The system looked coherent. The outputs looked plausible. Humans approved recommendations because the recommendations looked like hiring logic — until somebody looked closer and saw what the model had actually learned.
That is the shape of catastrophic P failure.
Not dramatic. Not noisy. Not immediate.
Accumulating.
P failures don’t announce themselves. They accumulate.
1) Why P Failures Are Different From D Failures
D failures are usually visible and bounded.
- API returns
500 - deployment fails health checks
- ETL job dies
- test suite fails
You get a signal, a blast radius, and a rollback path.
P failures are different:
- the system runs
- outputs look valid
- humans keep approving
- damage compounds in the background
The model is “correct” against its optimization target.
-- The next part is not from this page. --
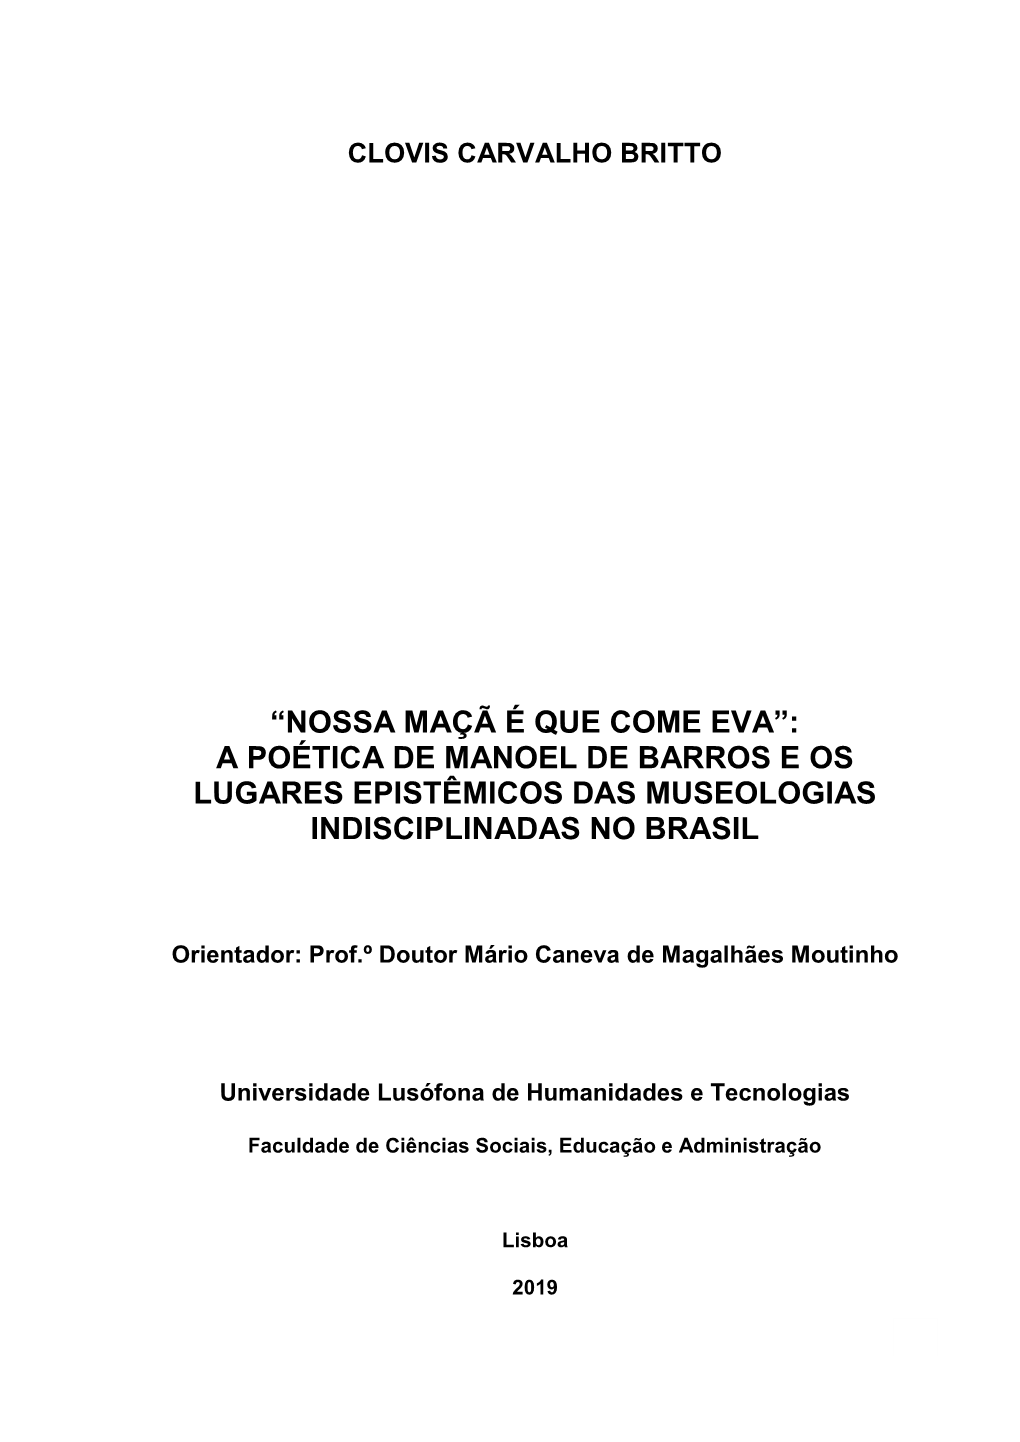 “Nossa Maçã É Que Come Eva”: a Poética De Manoel De Barros E Os Lugares Epistêmicos Das Museologias Indisciplinadas No Brasil

The target is wrong, incomplete, or misaligned to real-world goals.
A) The anatomy of a P failure
Most catastrophic P failures share the same four-step sequence:
1. Hidden assumption enters system design
2. System scales that assumption consistently
3. Human reviewers normalize output as “reasonable”
4. Harm becomes visible only after compounding
B) Why they’re often discovered late
Because nothing “breaks.”
P failures hide behind success-shaped dashboards:
- conversion improves
- throughput improves
- latency drops
- approval rates stabilize
If your measurement system only tracks near-term surface metrics, you’ll miss the damage curve until it’s expensive.
2) Case Study 1: Amazon’s Recruiting Model (2018)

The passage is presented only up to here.